To improve the sensitivity and specificity of fusion detection, and avoid the above limitations, we present a novel pipeline named GFusion, a powerful and efficient fusions detection method for both paired-end and single-end RNA-seq data, to predict fusion genes by comprehensive analyzing alignment split reads and mate reads. GFusion firstly splits unmapped reads into three segments and aligns the first and last segments against reference genome using read aligner Bowtie31. Potential fusion boundaries are confirmed by the split reads in which the segments are from different genes. Finally, GFusion filters out false fusions through a series of filtering steps including analyzing the mate reads of split reads for paired-end read, detecting spanning fragments and constructing fusion reference and realigning fusion fragments (fusion reads for single-end data). We have demonstrated the effectiveness of the GFusion on a normal breast RNA-Seq dataset as the control group and four cancer RNA-Seq datasets involving both paired-end and single-end read data. As a result, GFusion successfully detected 34 from 43 previously reported fusions in four cancer datasets. Further results illustrated that GFusion performed higher sensitivity and have lower false positive rate by comparing with other existing fusion detection pipelines.

Methods

GFusion is a Perl based software designed to identify fusion genes from single-end or paired-end RNA-Seq read data, which are aligned against the reference genome to find out the genomic locations, followed by integrated filtering steps to determine the best gene fusion candidates (Fig. 1). GFuison involves several steps to eliminate false candidate fusions that are caused by misalignment, random pairing of transcript fragments or artificial errors. We identify fusion gene candidates from selected fragments harboring the fusion boundaries in their sequenced reads or insert segments. In the output file, the GFusion reports a list of information about the fusion result including detected fusion genes, genomic locations of breakpoints, fusion transcript model, as well as the number of supporting split fragments and spanning fragments (split reads for single-end data), that characterize fusion genes comprehensively at transcript expression level.

Figure 1
figure 1

The pipeline of GFusion. GFusion employed multiple alignments and a series of post-alignment strict filtering routines for fusion gene detection.
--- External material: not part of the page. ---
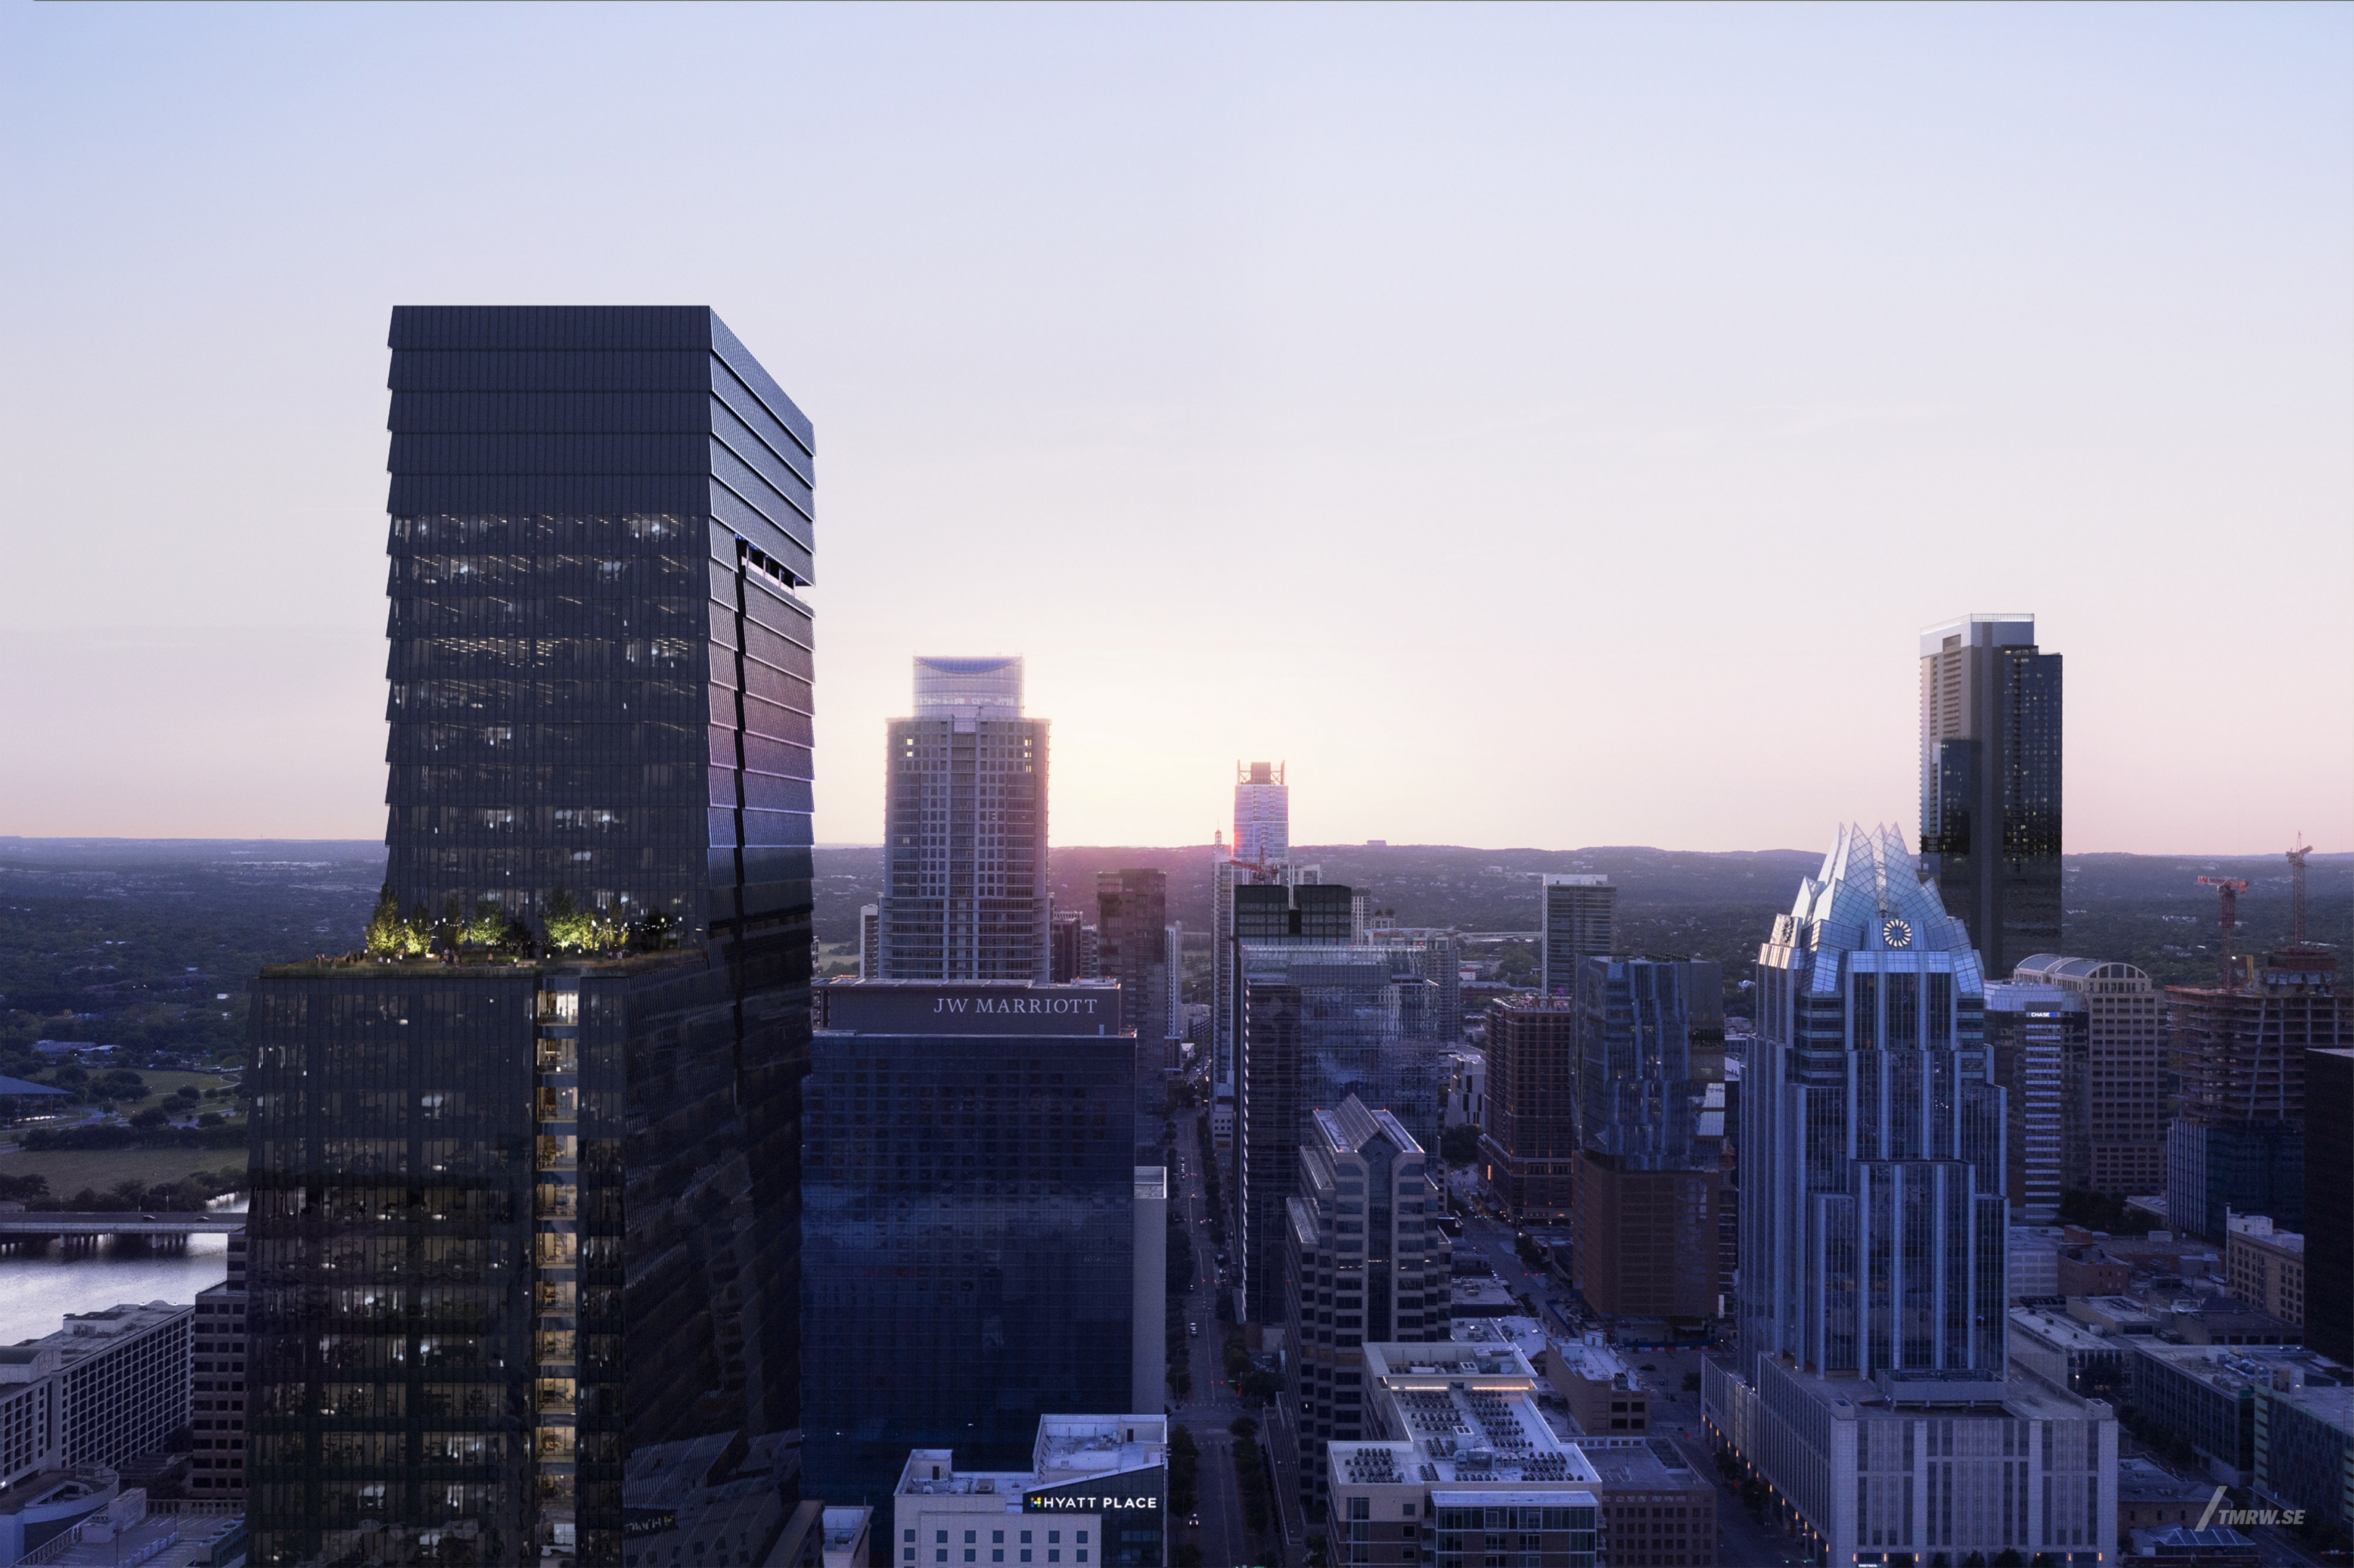 Architectural visualization of Block 16 for Gensler. A image of several office buildings at dusk from a semi aerial view.
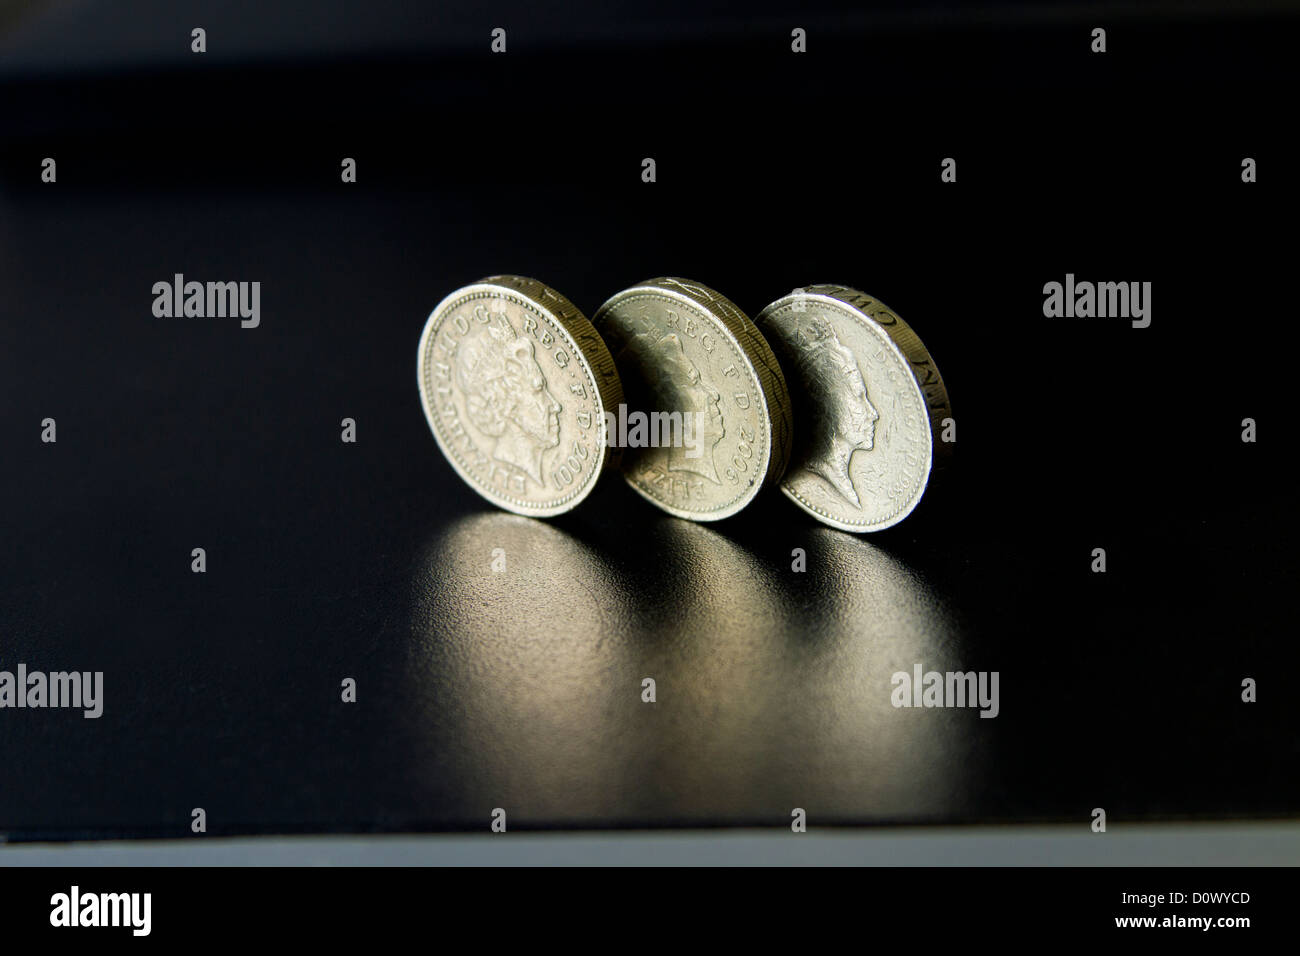 Pound sterling coin three coins shiny casting shadow on reflective black surface on table desk for banking and financial services Stock Photo

In this work, a fusion boundary was defined as the precise genomic location as the breakpoint of the fusion genes. Two segment sequences from different genes are combined at a fusion boundary to be a fusion transcript. We defined a split read as the sequenced read which harbors a fusion boundary in the read itself, while a split fragment is the pair-end read where one read is the split read and the mate read has a special alignment related to the split read. In addition, we defined a spanning fragment as a paired-end read that harbors a fusion boundary in the insert segment with two reads being aligned to different genes (Fig. 2). The following analysis show the main steps of GFusion fusion detection procedure on paired-end RNA-Seq fastq datasets, some filters are omitted for single-end fastq datasets.

Figure 2
figure 2

The supporting fragment or reads illustration for fusion gene in GFusion. (A) The normal fragment was defined as one whose read and mate are all mapped to same gene, the split fragment was defined as one that one read of fragment harbors fusion boundary and its mate was mapped to the one gene of fusion, and spanning fragments were defined as one that one read or mate of the fragment was mapped to two different genes. (B) The split read harbors a fusion boundary, and its mate read can be aligned to the gene of fusion.

Initial alignment

GFusion detect fusion genes based on alignment locations of reads in the genome. To determine the precise genomic location of short sequences, GFusion involves multiple uses of basic aligners. The initial step of the process is to align all the reads to the reference genome (hg19 version in this work). Because of the presence of introns in the genome, we used Tophat32, a fast and efficient splice aligner, for initial alignment. Tophat uses Bowite to identify the reads that can be mapped to the genome as exon reads or known exon junction spanning reads through aligning a read in small pieces to a chromosome, producing Sequence Alignment/Map (SAM)33 format output file and comprising every reads either mapped or unmapped against the reference genome. Some of the unmapped reads and poor quality mapping reads may be due to RNA extraction errors, sequencing bases bias and aligner algorithm defects. We discard poor quality reads by setting the mapping quality score to be higher than 30.

Creation of anchors

The next step of the GFusion is to split unmapped reads into three shorter segments, while its mate reads should be aligned to genome with high mapping quality. The first and last segments are defined as anchors_1 and anchor_2 separately with 20 bp or longer length (0.4 by default but no greater than 0.5 of the length of reads). Middle segment is defined to be a gap and the gap length equals read length minus anchor length. For example, a 50 bp read will be split into three segments: 20 bp anchors_1, 10 bp gap, and 20 bp anchors_2. The two anchors and a gap form a special pseudo paired-read reads that the anchors are the paired-end reads and gap is the insert segment. What’s more, query name and the sequence quality values of the anchors are inherited from the parental reads with corresponding symbols to distinguish each anchor. GFusion identifies the potential split reads based on the necessary conditions that fusion boundaries are located in the gaps and the anchors are originated from different genes. In order to confirm the original genes of anchors, the split segments should be aligned against reference genome, shorter length of anchors may lead to multiple alignments, whereas the longer length of anchors makes it hard to detect the fusion boundary from narrow gaps34. Therefore, a best length of anchors is suggested to be 0.4 of read length.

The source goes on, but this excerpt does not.